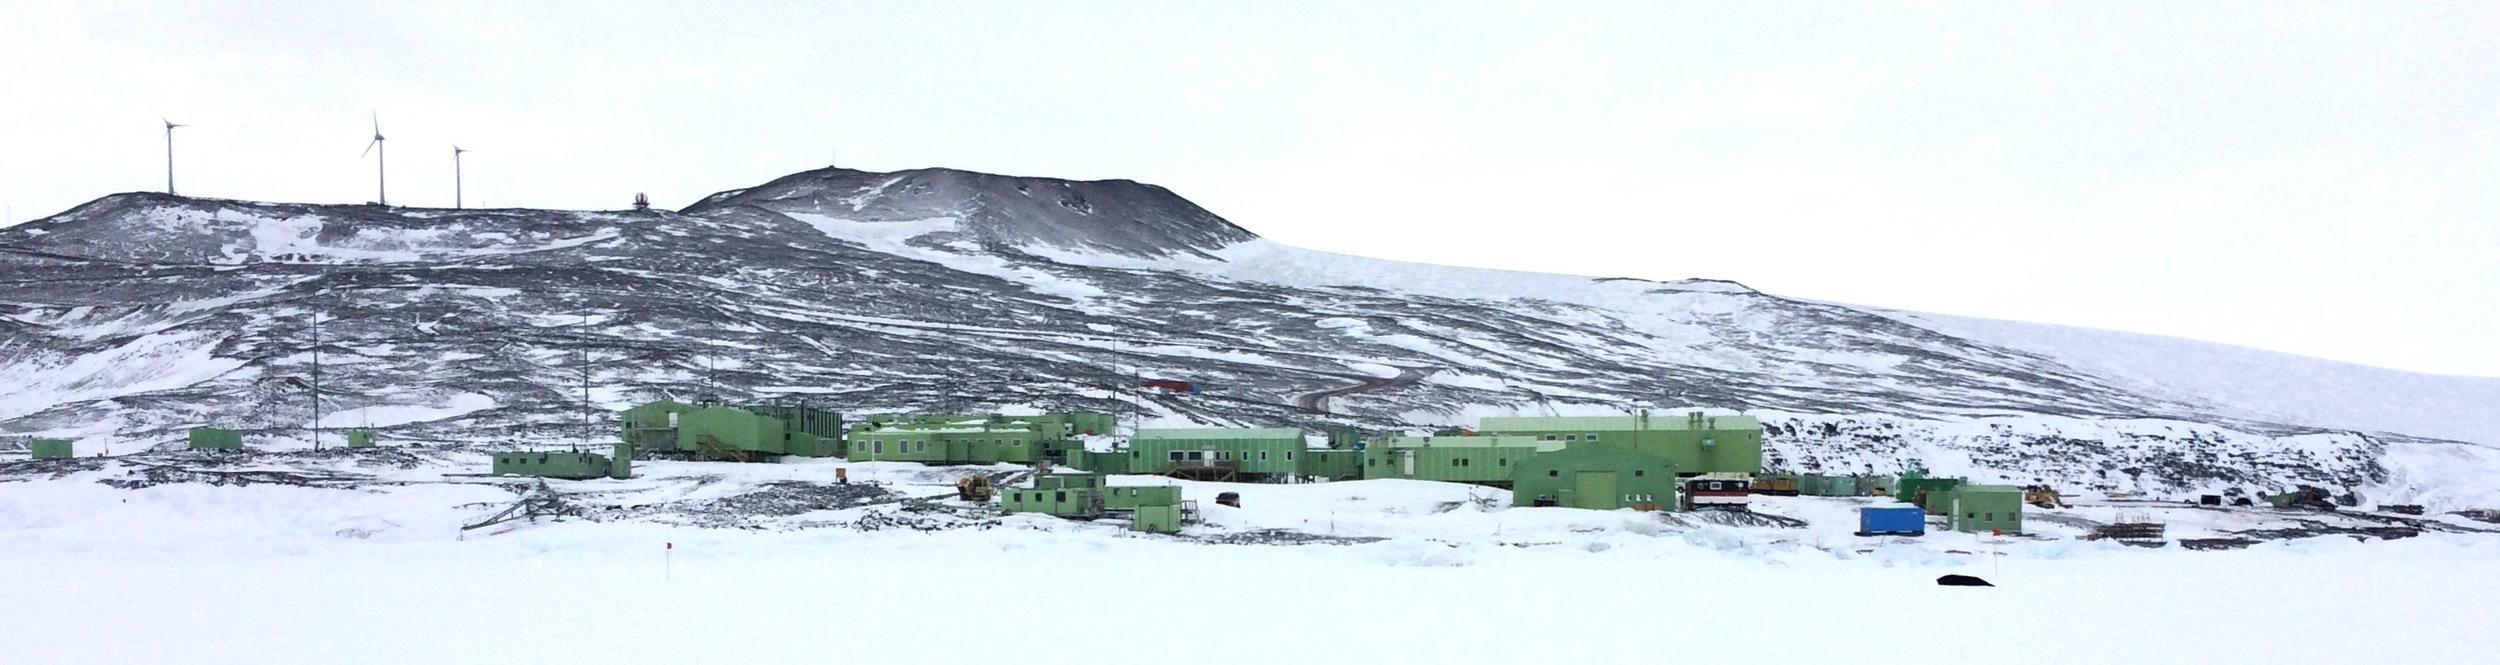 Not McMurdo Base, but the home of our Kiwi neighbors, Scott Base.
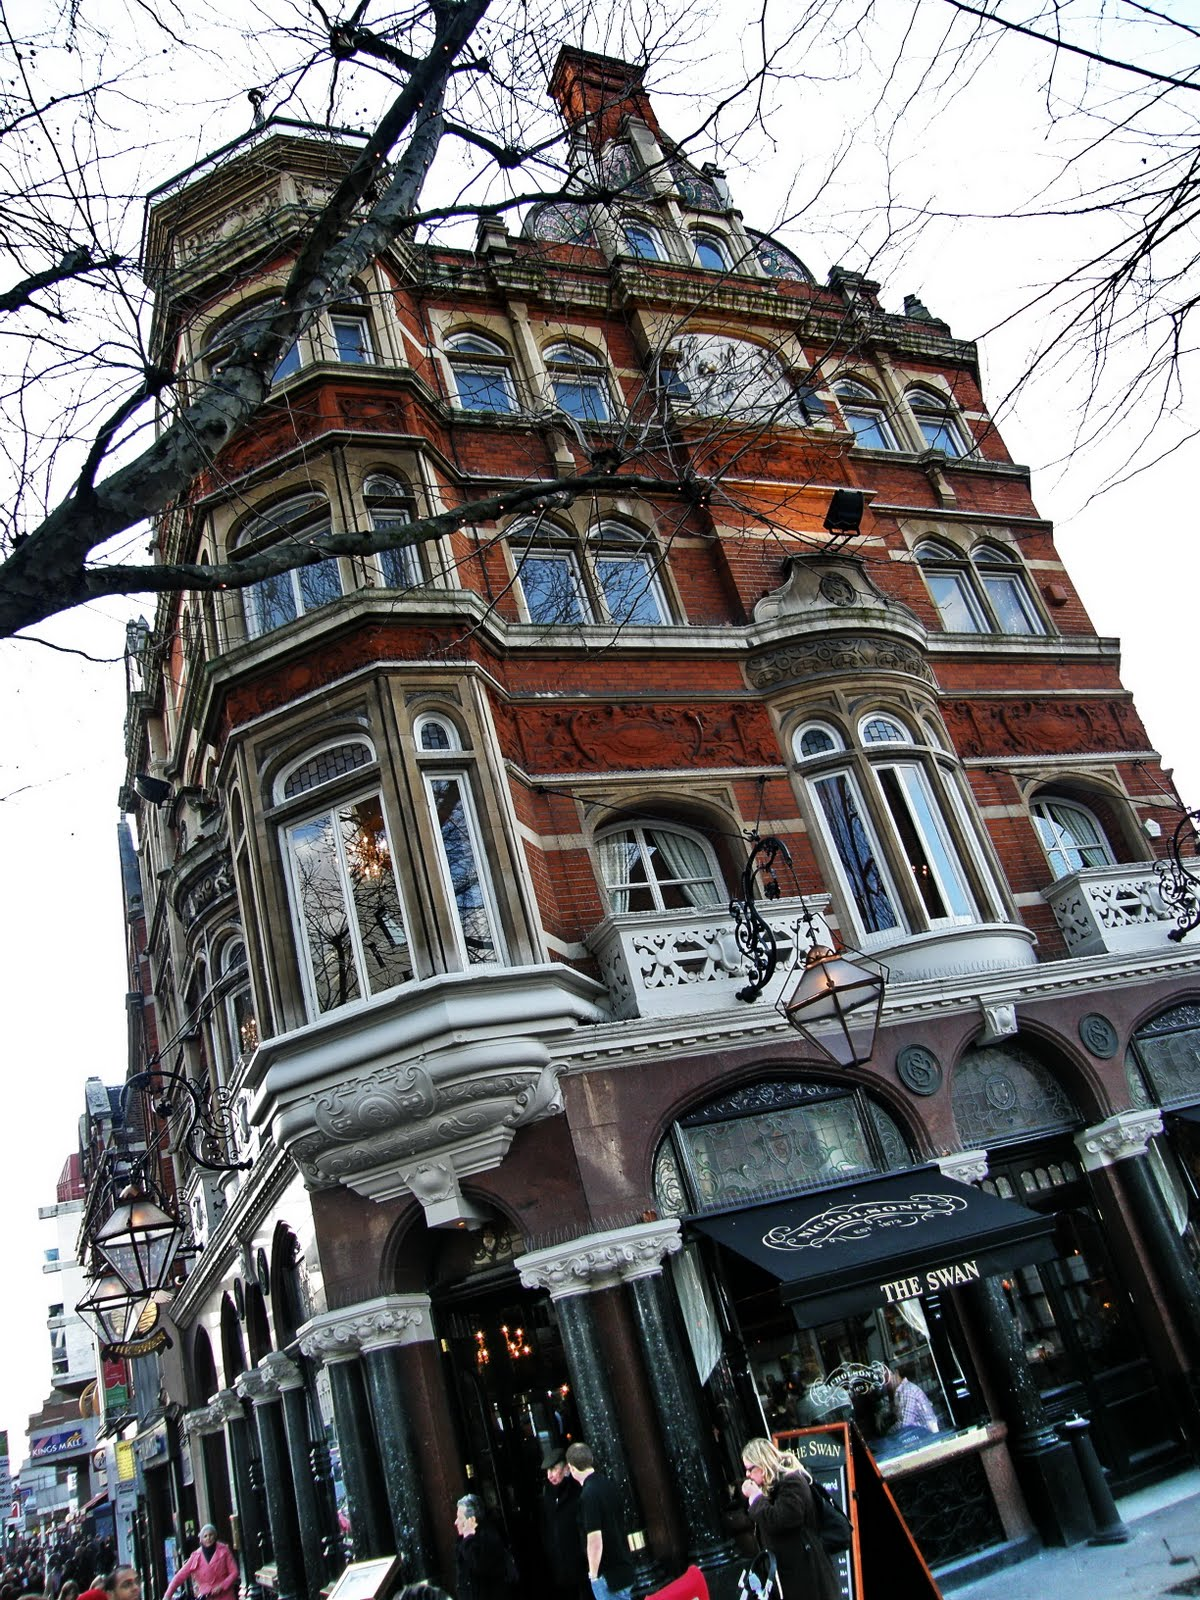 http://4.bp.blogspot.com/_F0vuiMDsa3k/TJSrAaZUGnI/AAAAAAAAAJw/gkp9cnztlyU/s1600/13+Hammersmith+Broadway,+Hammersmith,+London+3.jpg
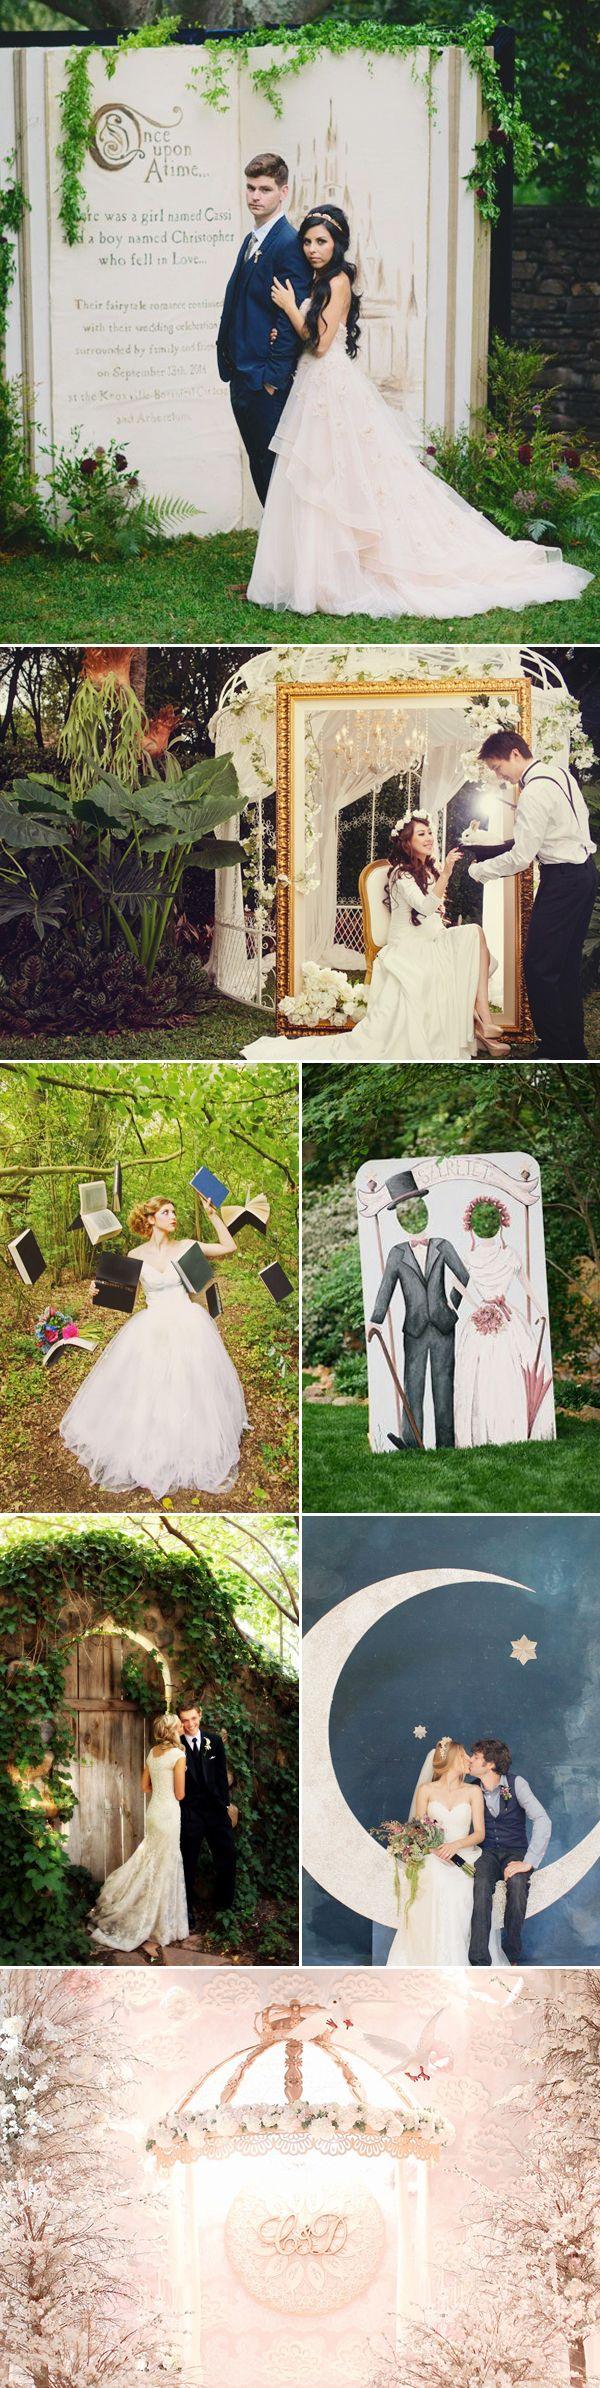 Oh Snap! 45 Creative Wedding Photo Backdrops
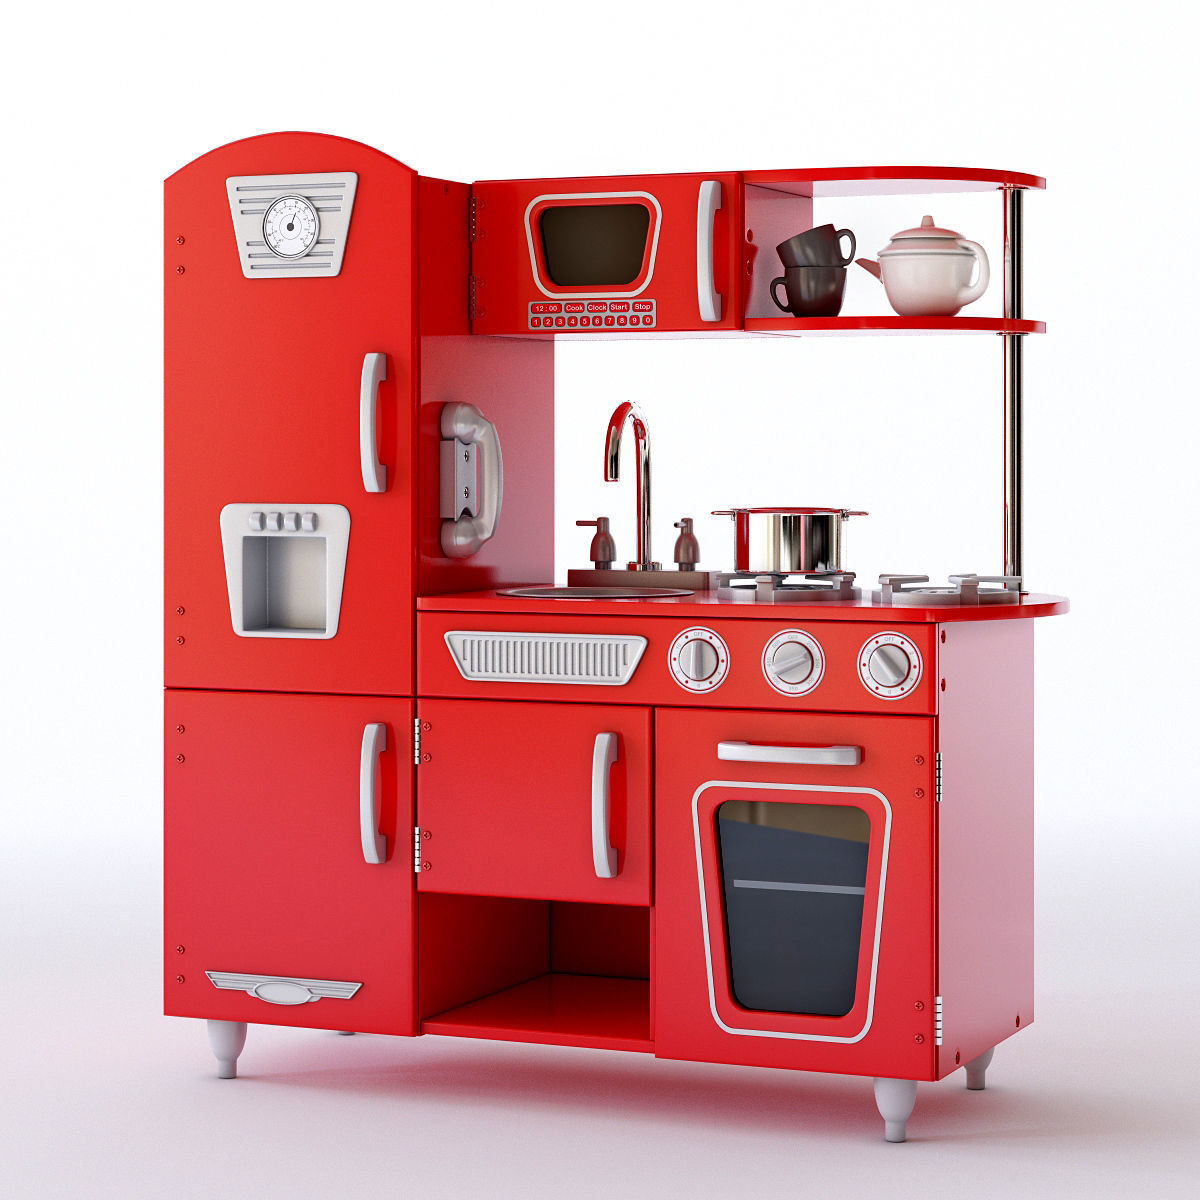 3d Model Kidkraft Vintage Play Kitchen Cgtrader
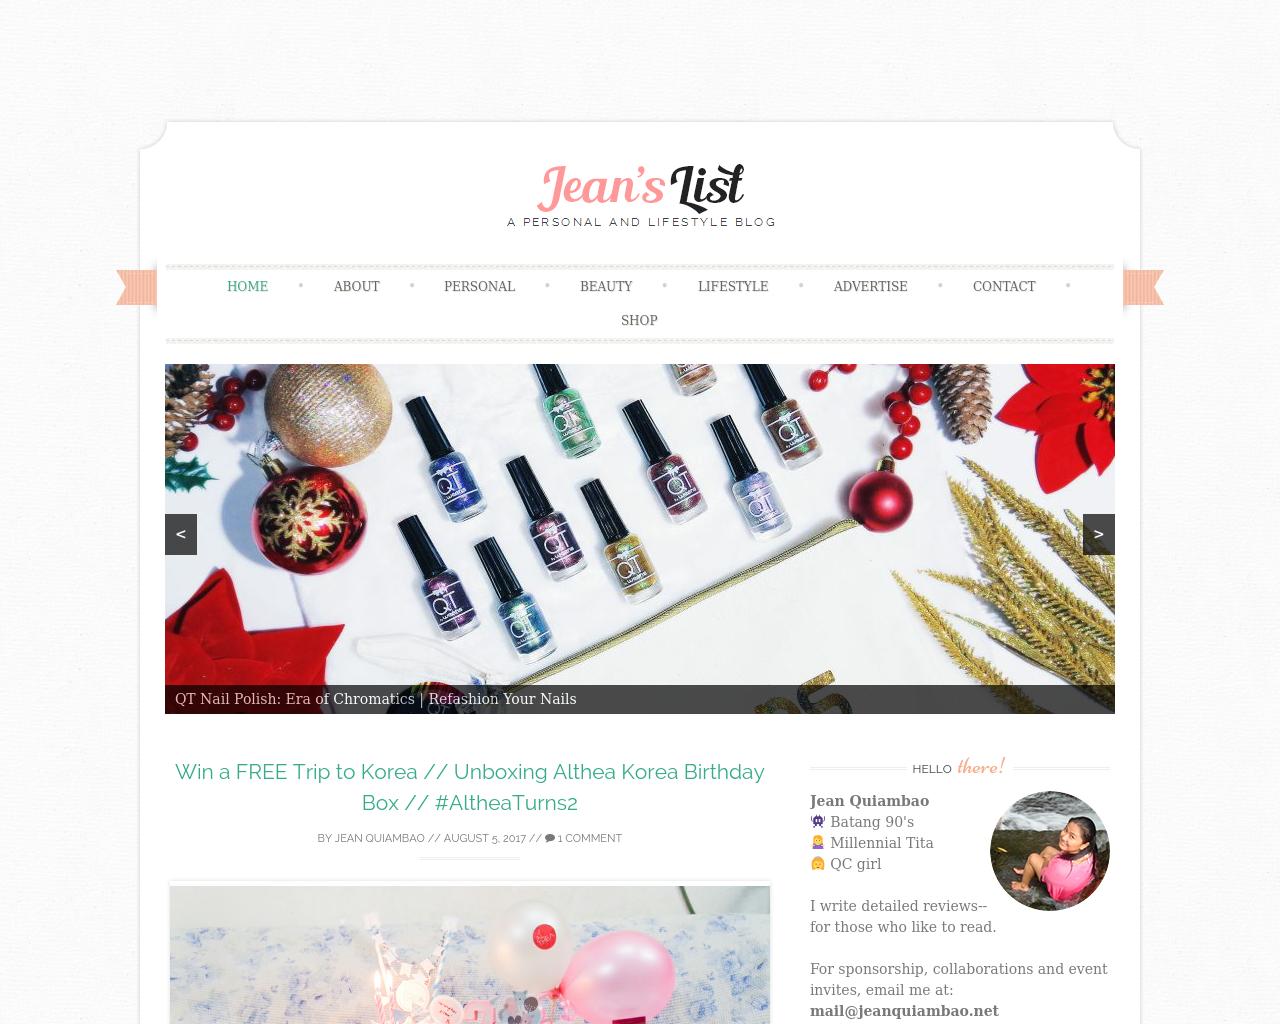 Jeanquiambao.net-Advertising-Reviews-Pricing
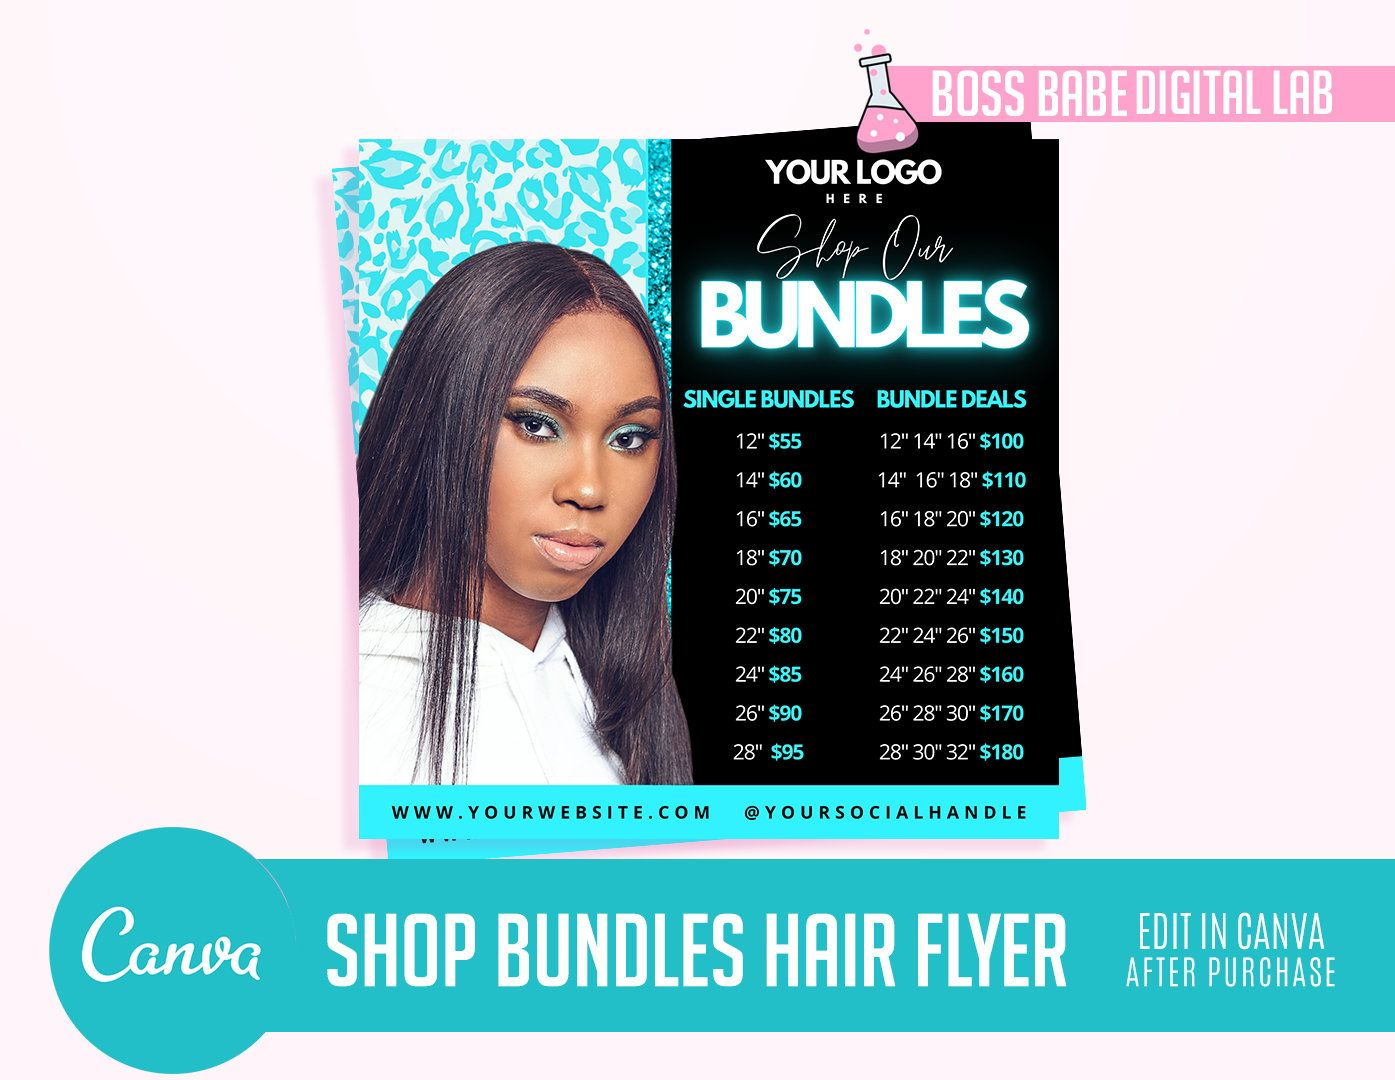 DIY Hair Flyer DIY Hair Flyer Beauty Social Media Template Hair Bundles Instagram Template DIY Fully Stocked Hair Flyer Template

> **WHAT THE TASK REQUIRES**
Verbatim copy with pictures excluded: write out the records above in full.

> **SOLUTION**
 Not McMurdo Base, but the home of our Kiwi neighbors, Scott Base.
 http://4.bp.blogspot.com/_F0vuiMDsa3k/TJSrAaZUGnI/AAAAAAAAAJw/gkp9cnztlyU/s1600/13+Hammersmith+Broadway,+Hammersmith,+London+3.jpg
 Oh Snap! 45 Creative Wedding Photo Backdrops
 3d Model Kidkraft Vintage Play Kitchen Cgtrader
 Jeanquiambao.net-Advertising-Reviews-Pricing
 DIY Hair Flyer DIY Hair Flyer Beauty Social Media Template Hair Bundles Instagram Template DIY Fully Stocked Hair Flyer Template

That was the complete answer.